Write SQL for TikTok Live creator metrics
Company: TikTok
Role: Data Scientist
Category: Data Manipulation (SQL/Python)
Difficulty: easy
Interview Round: Technical Screen
You are analyzing TikTok Live sessions and their engagement.
## Tables
### `live_room`
Each row is a Live session (“room”) launched by a creator.
| column | type | description |
|---|---|---|
| `date` | DATE | Calendar date of the Live session (assume UTC). |
| `creator_id` | BIGINT | Creator who launched the Live. |
| `room_id` | BIGINT | Unique id of the Live room. |
| `country` | STRING | Country where the Live room is attributed (e.g., `US`, `ID`, `UK`). |
| `live_type` | STRING | Device type used to go live (e.g., `mobile`, `pc`). |
**Assume PK:** (`date`, `room_id`).
### `live_room_activity`
Each row contains aggregated engagement for a room on that date.

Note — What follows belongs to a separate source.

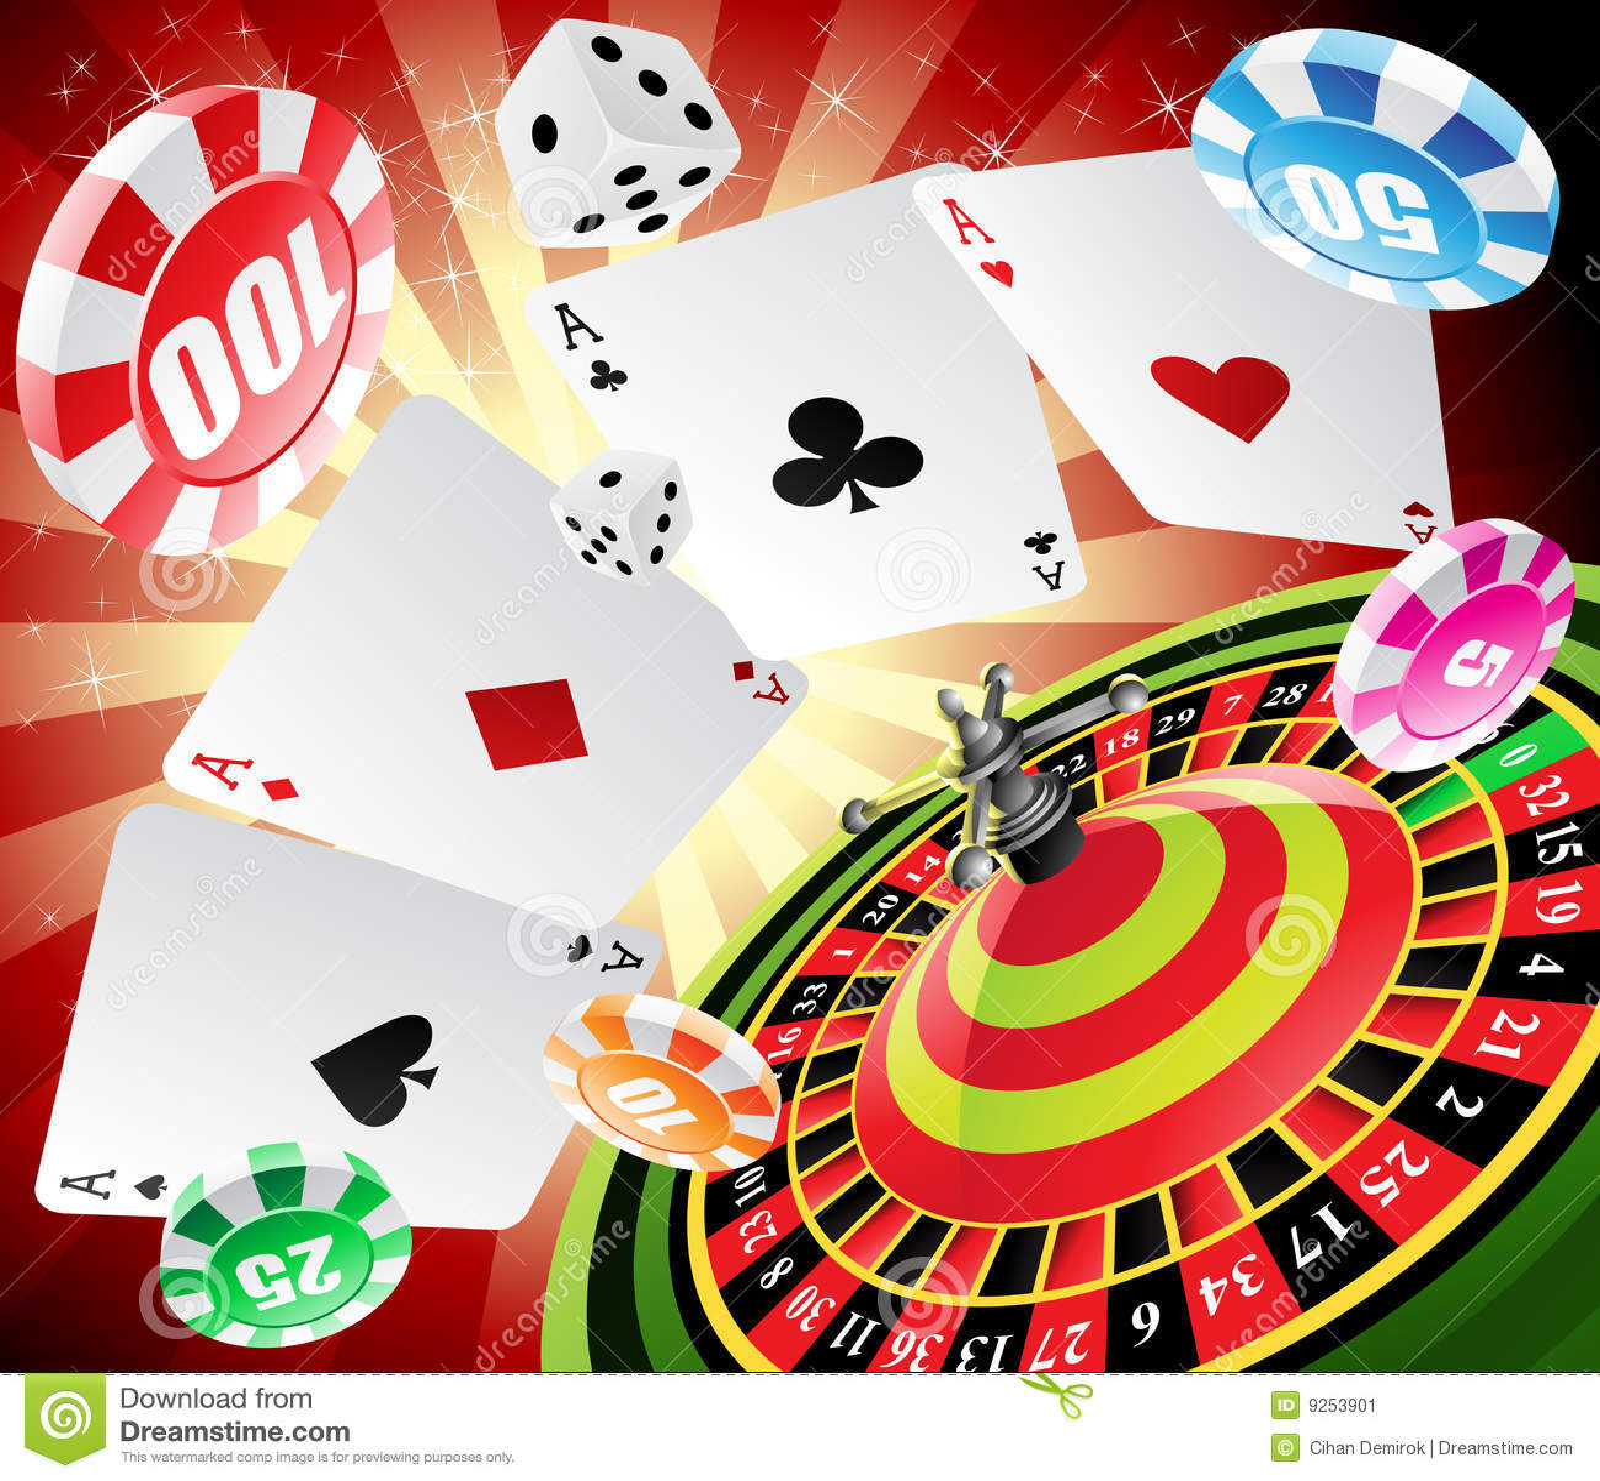 casino online roulette online gambling casino

| column | type | description |
|---|---|---|
| `date` | DATE | Same date as the Live session. |
| `room_id` | BIGINT | Live room id. |
| `watch_cnt` | INT | Number of viewers who watched that room. |
| `gift_recieved_cnt` | INT | Number of gifts received in that room. |
**Assume PK:** (`date`, `room_id`).
### Join relationship
Join the tables on **(`date`, `room_id`)**. If a room has no activity row, assume `watch_cnt = 0` and `gift_recieved_cnt = 0`.
---
## Questions (write SQL only)
### Q1
For the period **2022-10-01 to 2022-10-07** (inclusive), in the **US**, find **how many creators launched more than 3 `mobile` Live sessions**.
**Output:**
- `creator_count` (number of distinct `creator_id` meeting the condition)
### Q2 (Medium)
In **October 2022**, find the **top 5 creators by total gifts received** for **each country**.
Notes:
- Total gifts received for a creator in a country = sum of `gift_recieved_cnt` across all that creator’s rooms in that country during October 2022.

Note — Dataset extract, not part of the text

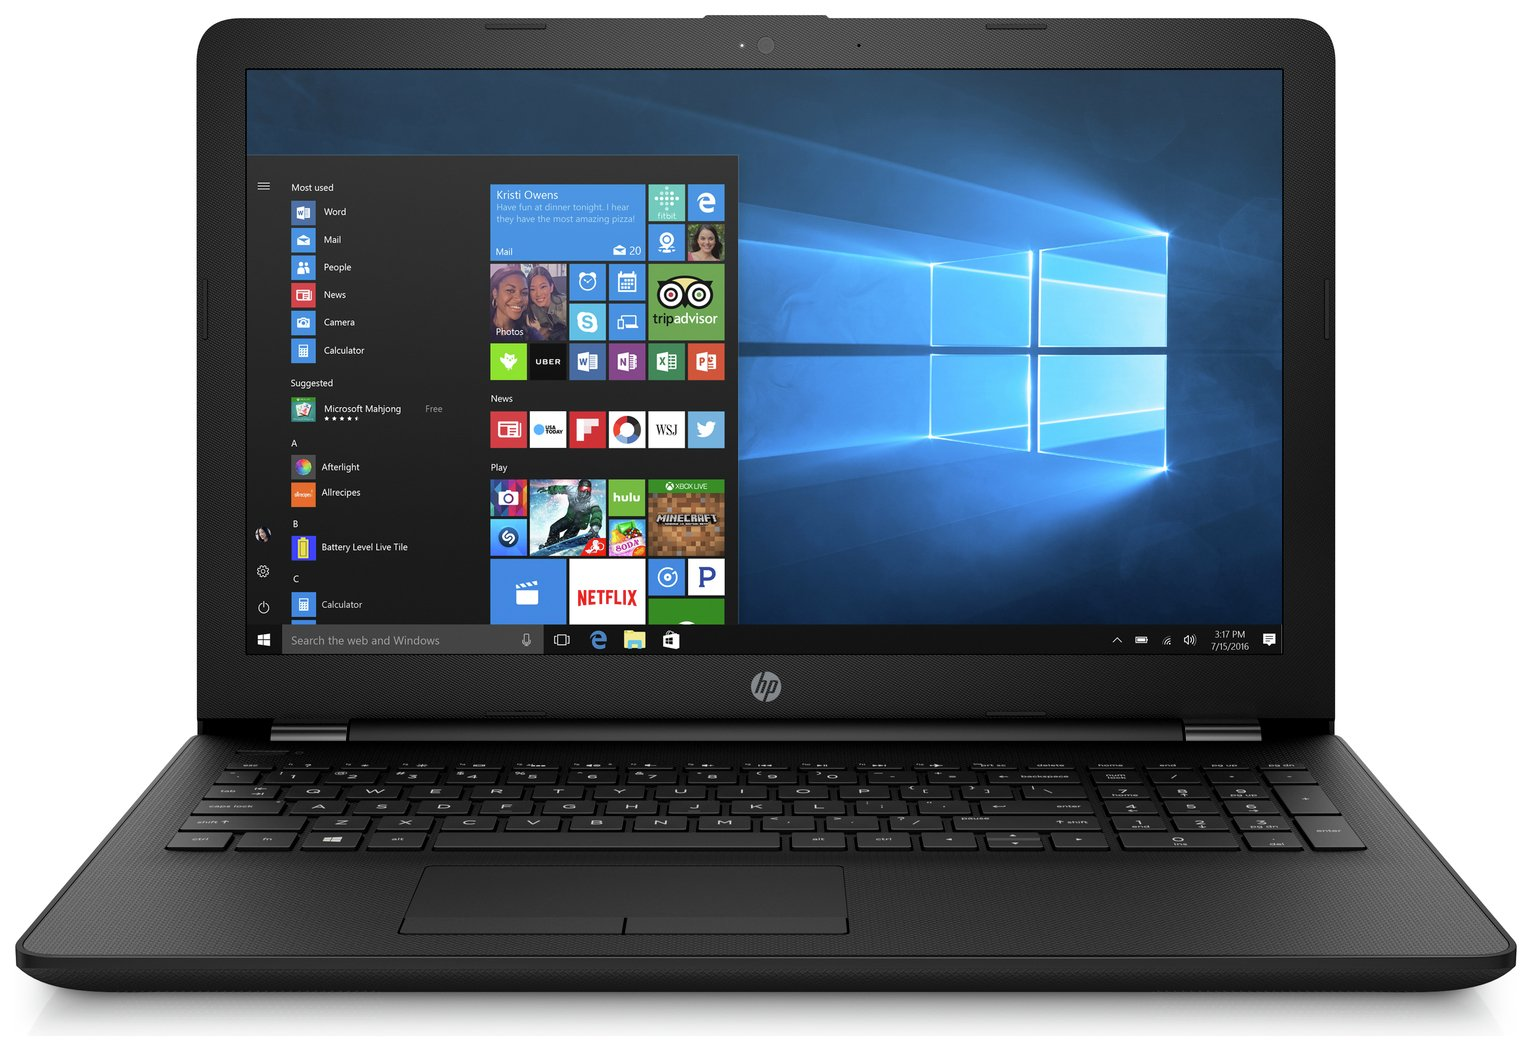 HP 15.6 Inch Intel Celeron 4GB 1TB Laptop - Grey

- If ties occur at rank 5, break ties by `creator_id` ascending (or specify a deterministic tie-break).
**Output (recommended):**
- `country`
- `creator_id`
- `total_gifts_received`
- `rank_in_country` (1–5)
### Q3 (Hard)
For **yesterday’s date** (relative to query run date), calculate the **count of creators** who satisfy **both**:
1) The creator went live **more than once** that day (i.e., launched **at least 2 rooms**).
2) **Every** Live room they launched that day had **`watch_cnt >= 500`**.
**Output:**
- `qualified_creator_count`
Quick Answer: This question evaluates SQL data-manipulation competencies such as joins, aggregations, group-by and window functions, handling missing activity rows, date-range filtering, country partitioning, and deterministic tie-breaking for top-k metrics.